Escuto atentamente toda a situação da França, num alemão impecável. Estamos em condições precárias, tudo por culpa de um imprestável. Durant e Laviolette dizem também que suas próprias famílias podem estar em perigo. Olho rapidamente para o meu vati, ele parece estar muito surpreso, mas eu só vejo uma oportunidade.
— Olha, Markus, nós sabemos que não seria o ideal, mas…
— Eu aceito. - falo sem rodeios, interrompendo as desculpas de monsieur Durant. Os dois do outro lado da tela sorriem.
— Filho! - vati também sorri. - Mas que orgulho!
— Você entendeu o que está se passando, não é? - Laviolette me pergunta.
— Perfeitamente, mon seigneur. - respondo em francês, uma das línguas que falo. - Seu alemão é impecável! A França está sendo tomada por mãos desconhecidas, ajudadas pelo ex-Regente de Área que, provavelmente, forjou a própria morte. Prometo tentar achar esse verme e entregá-lo em suas mãos, além de restabelecer o nosso domínio sobre a França. Sei que tenho pouca experiência, mas darei o meu melhor. Dou minha palavra!
— Não vamos impor um prazo a você, pois sabemos que não é algo que se consegue da noite para o dia. Queríamos te empossar com um cenário melhor, filho. Sentimos muito por isso.
— Prefiro esse desafio completo, mon seigneur.
— Pode nos chamar de Filipi, ou Fil e Étienne, ou Étie. O mesmo vale para você Herbert. E, se você aceitar, gostaríamos que empossasse um cargo no Alto Conselho.
— É uma honra aceitar! - vati sorri para ele.
— Perfeito! Meu filho, Pierre, vai buscá-lo quando estiver pronto, Markus. E Herbert, apresente-se em até uma semana no núcleo aí em Berlim. Estou enviando a eles os documentos de sua posse, para que você os assine numa cerimônia solene.
— Eu já estou pronto, Filipi. - digo assim que ele termina suas instruções para meu vati. - Posso pegar o jatinho de meu vati em quarenta minutos.
— Deixe-nos fazer essa gentileza, Markus. - é a vez de Étienne falar. - Arrume mais uma mala para trazer. Fale para sua namorada fazer as malas também.
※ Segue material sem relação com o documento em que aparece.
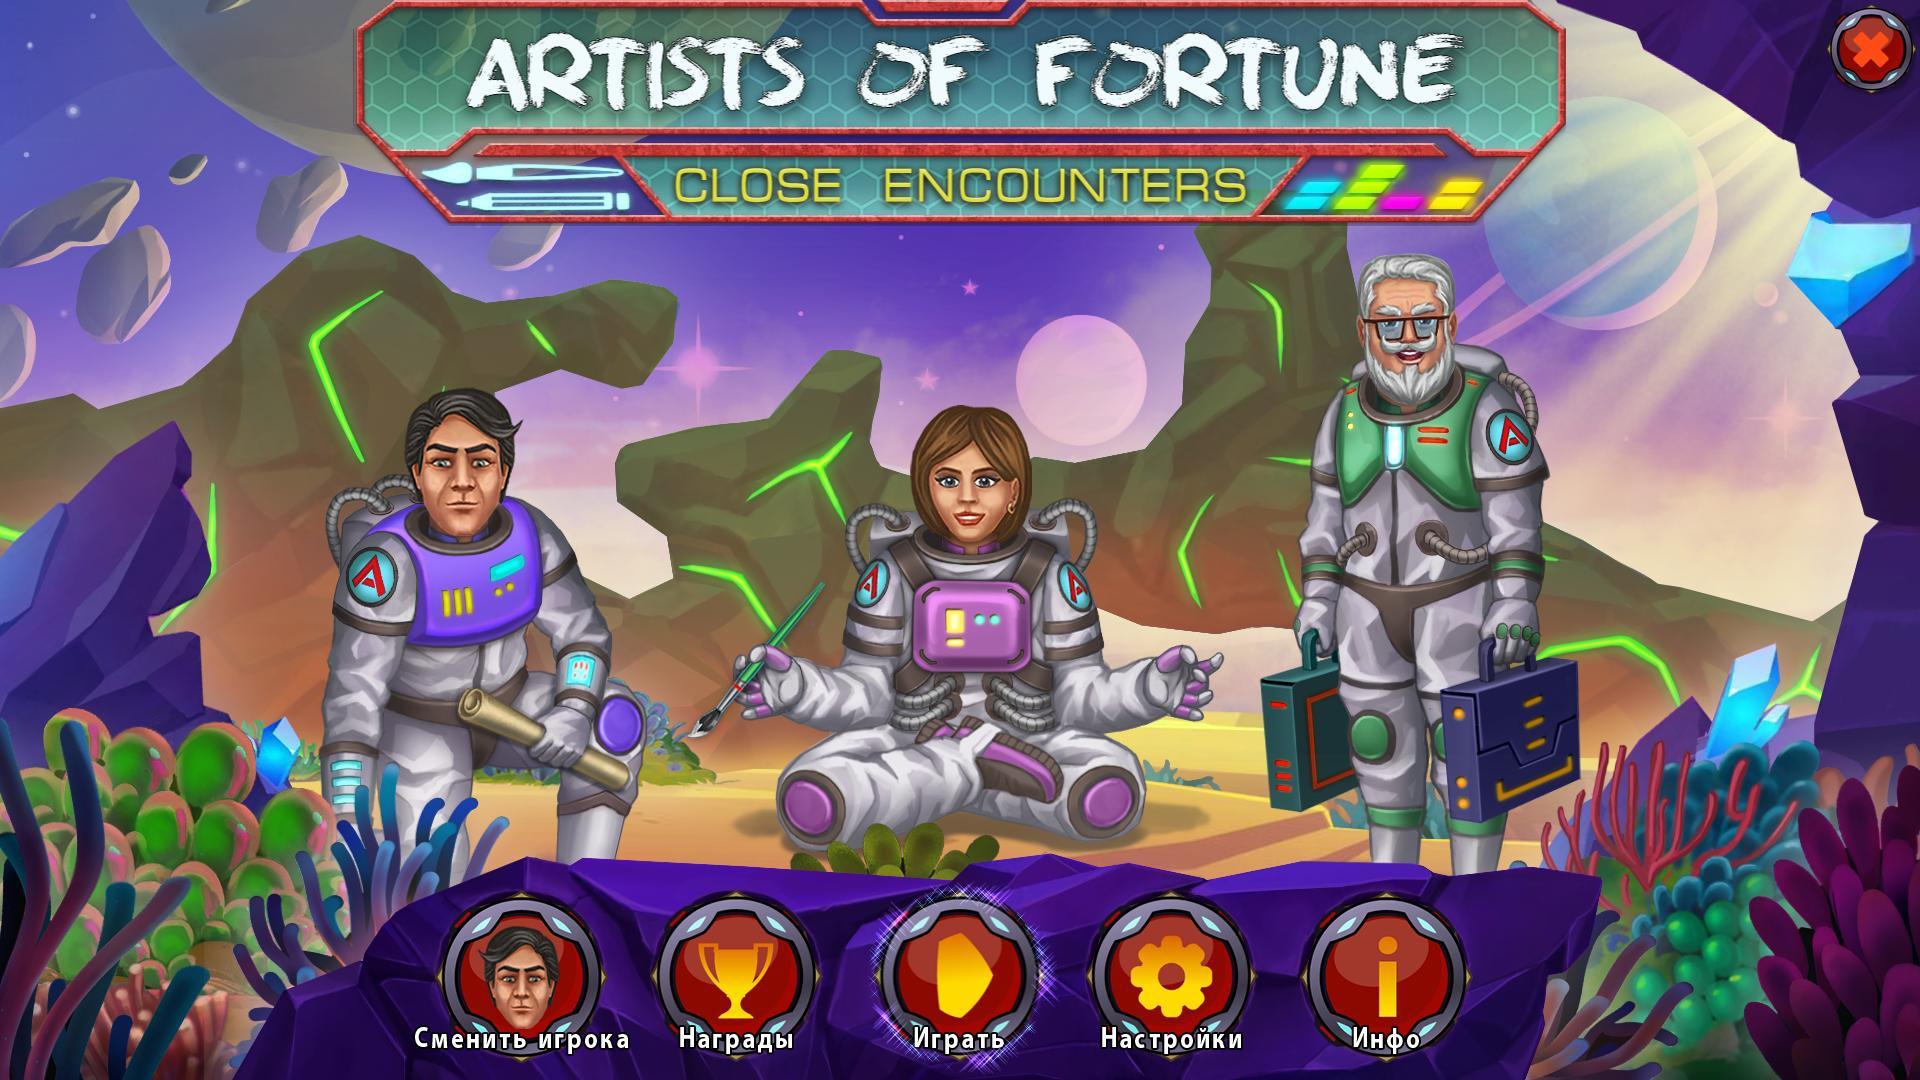 Художники удачи 2: Близкие контакты | Artists of Fortune 2: Close Encounters (Rus)

— Obrigado. Vou dar a notícia a ela. Se me dão licença. - faço uma pequena reverência enquanto me levanto, e eles me dão permissão para sair.
— Você não vai acreditar no que aconteceu! - falo com um sorriso largo, para Evelyn. Totalmente empolgado, assim que entro no quarto.
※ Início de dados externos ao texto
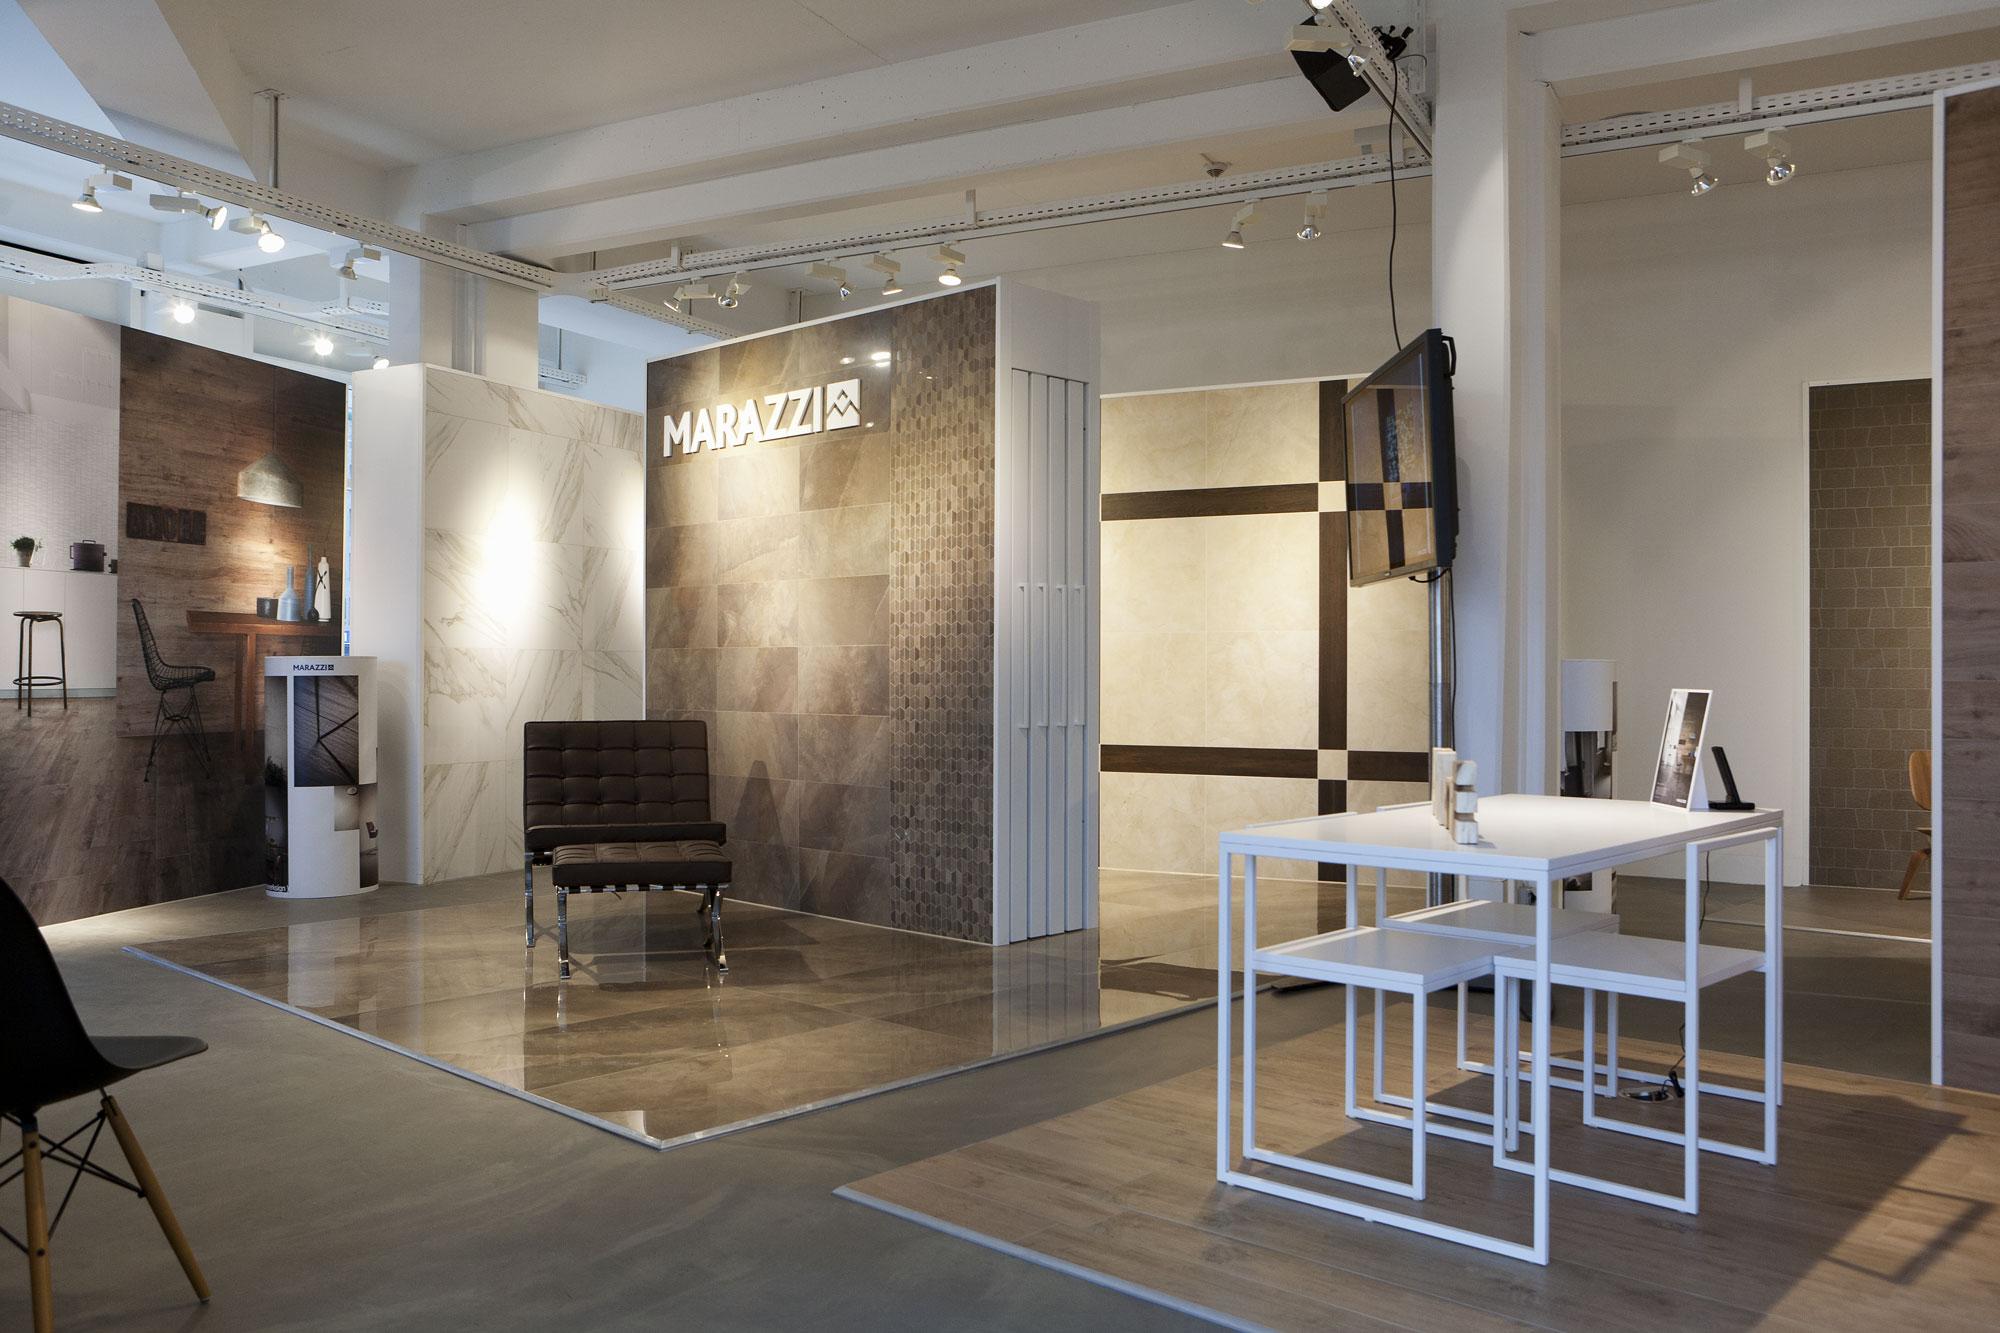 Marazzi showroom hamburg de uainot - The showroom hamburg ...

— Alguma coisa muito boa porque, parece que você está muito feliz! - ela sorri largamente, também. - O que aconteceu, amor?
— Acabei de ser nomeado Regente de Área! - Evelyn só entende o que falo para ela sobre a organização, a que eu e meu vati pertencemos.
— Parabéns, meu amor! - ela me abraça. - Você vai mandar em toda a Alemanha!
— Não! Vou mandar na França!
— O que? - ela se afasta o suficiente para me olhar nos olhos. Seu sorriso se foi.
— Exatamente o que você ouviu: França! Nossos planos de sair da Alemanha foram antecipados, querida! Partimos em pouco mais de duas horas. Não precisa fazer uma mala muito grande, teremos guarda-roupas novos, assim que chegarmos lá. Ficaremos num hotel cinco estrelas, até acharmos uma casa ou apartamento que a gente goste, e eles se encarregarão da aquisição para nós, se quisermos. Podemos trocar de casa depois de algum tempo…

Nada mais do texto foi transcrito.